### What the task requires
Find "rangriti-women-white-&-teal-blue-embroidered-ethnic-printed-top" in the material, then return exactly the line containing it and all lines after it to the end, leaving out pictures.

### Recorded information
# # # # # # #
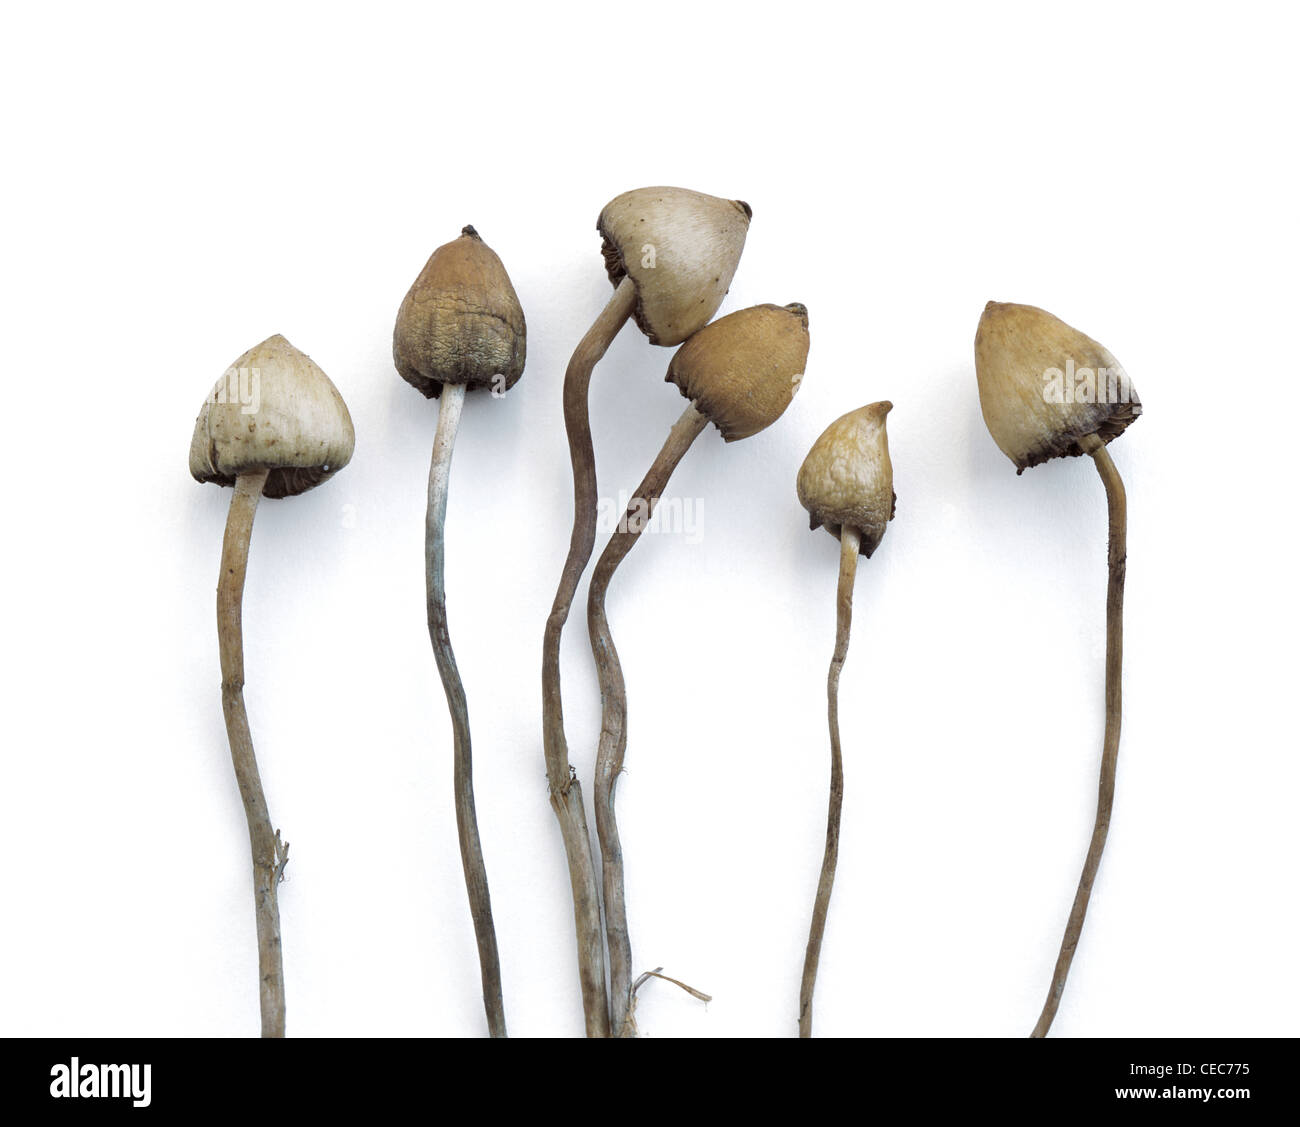 Liberty Caps High Resolution Stock Photography and Images - Alamy
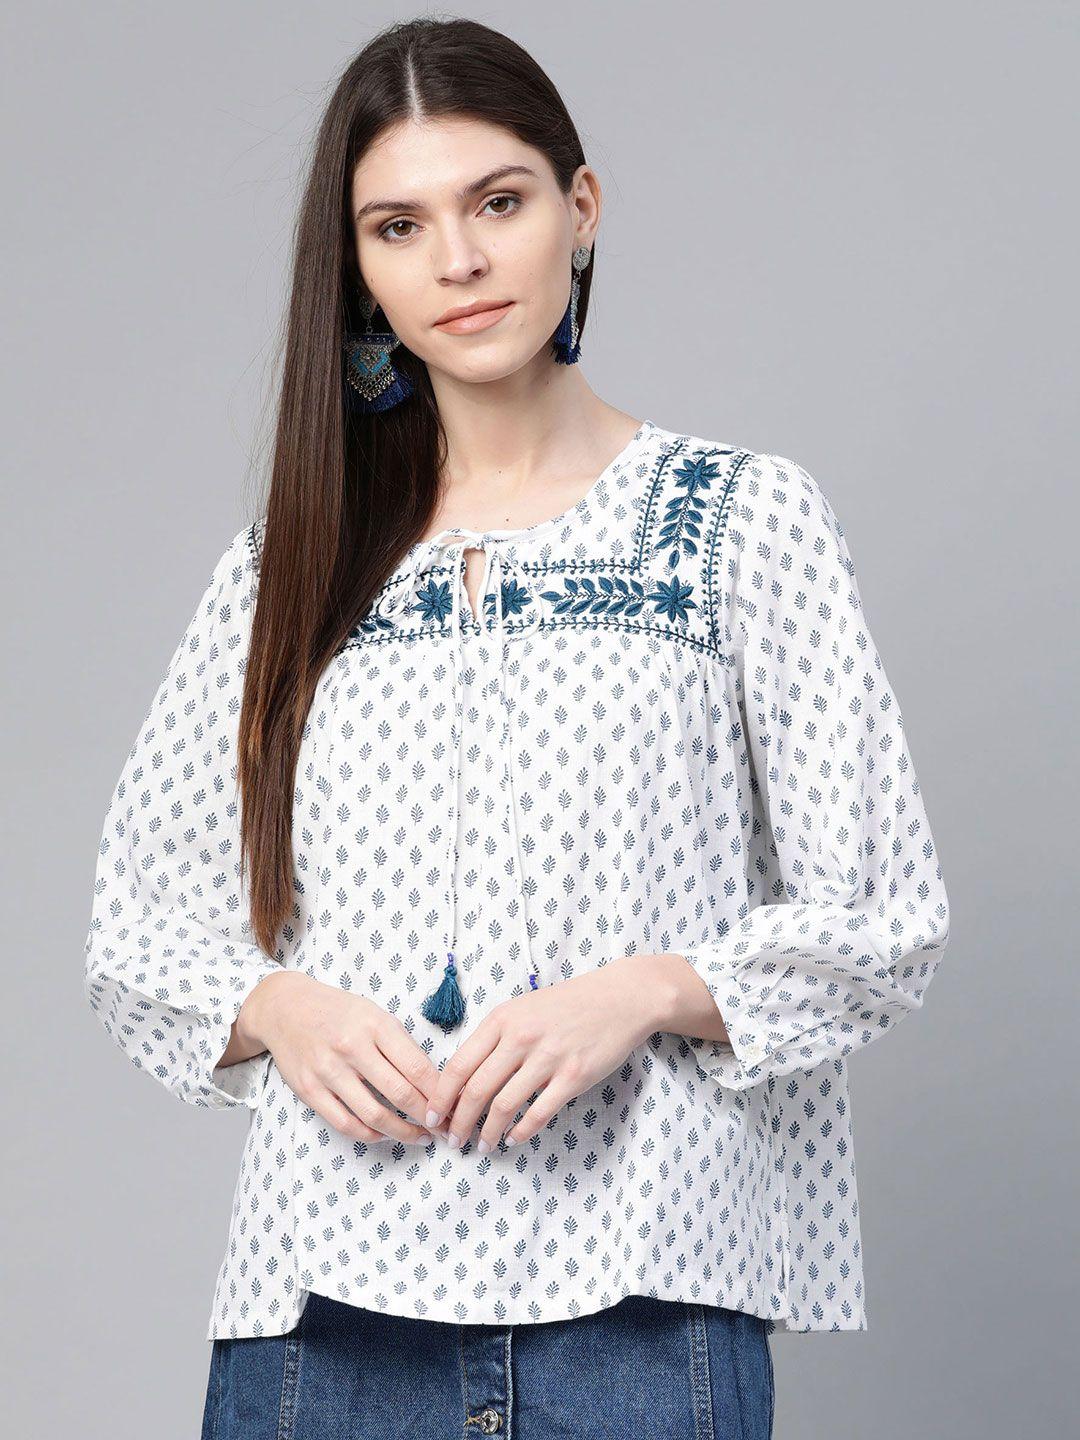 rangriti-women-white-&-teal-blue-embroidered-ethnic-printed-top
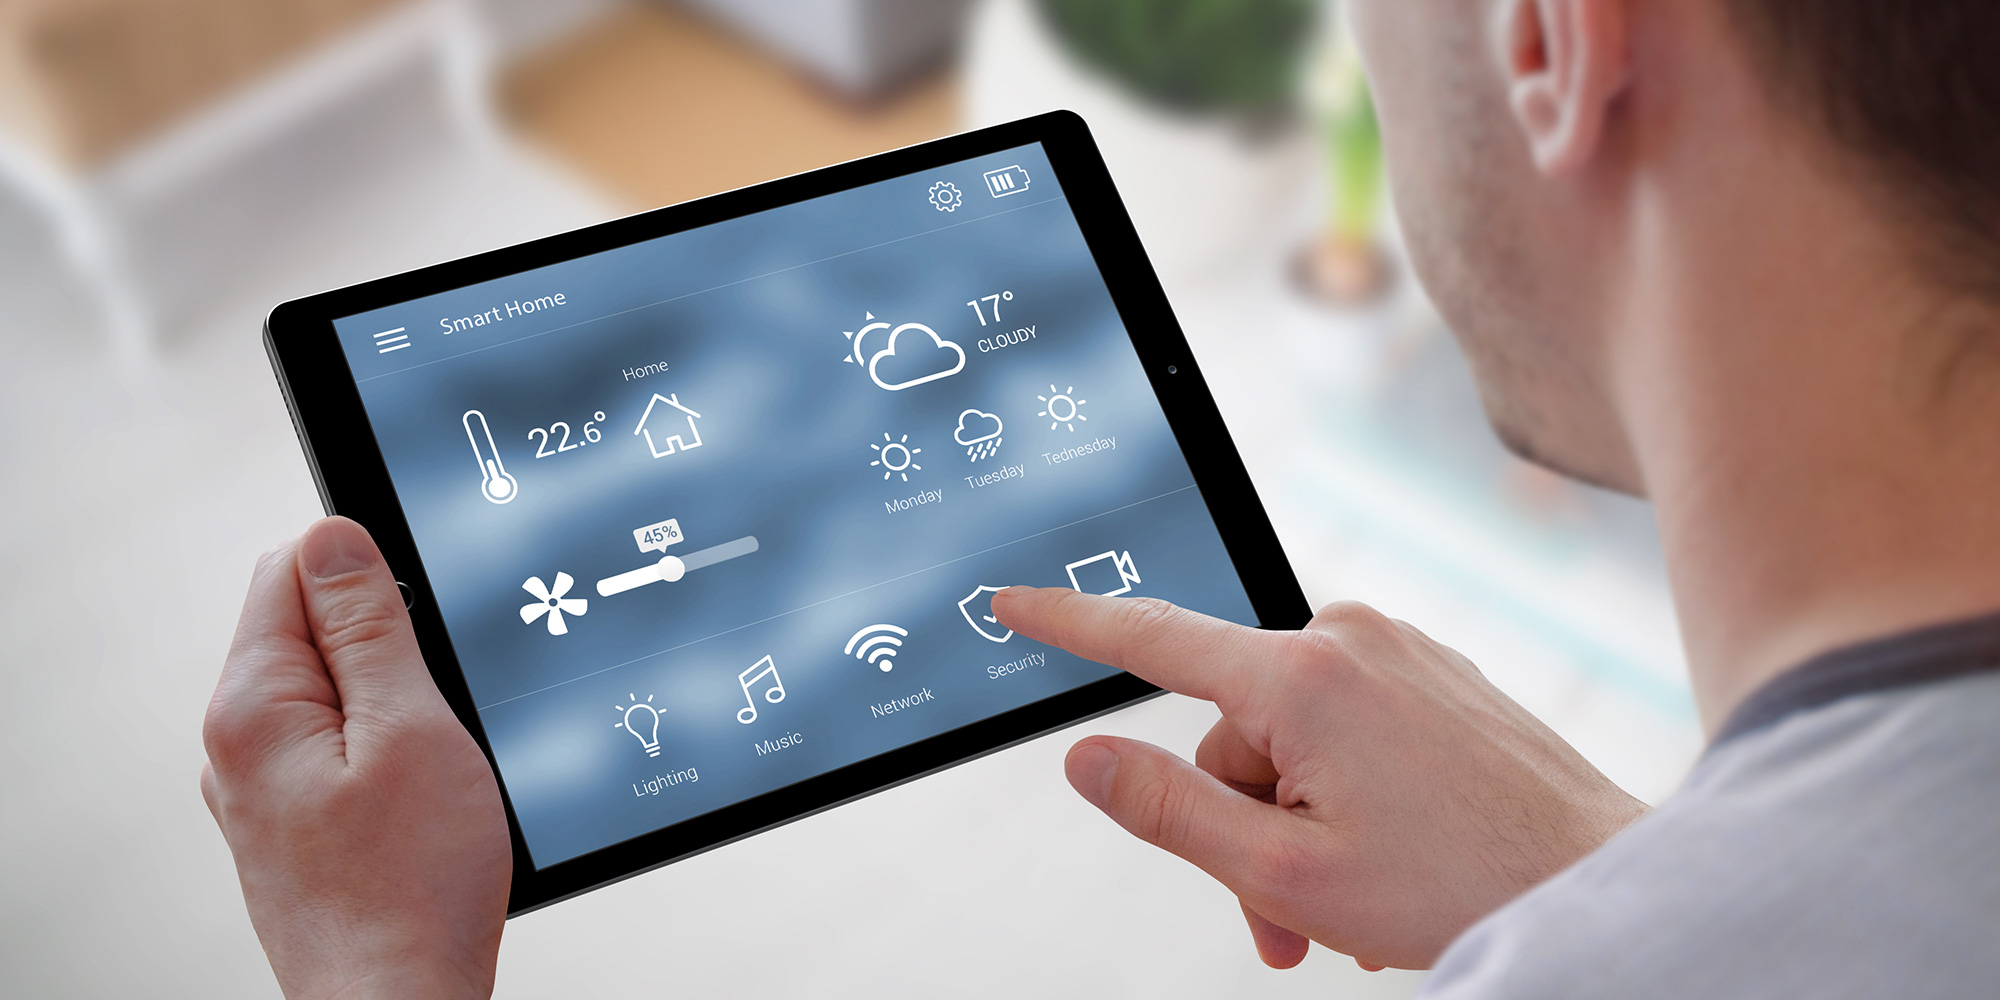 Smart home, control your home with your iPad
# # # # # # #
### Result of this task
 rangriti-women-white-&-teal-blue-embroidered-ethnic-printed-top
 Smart home, control your home with your iPad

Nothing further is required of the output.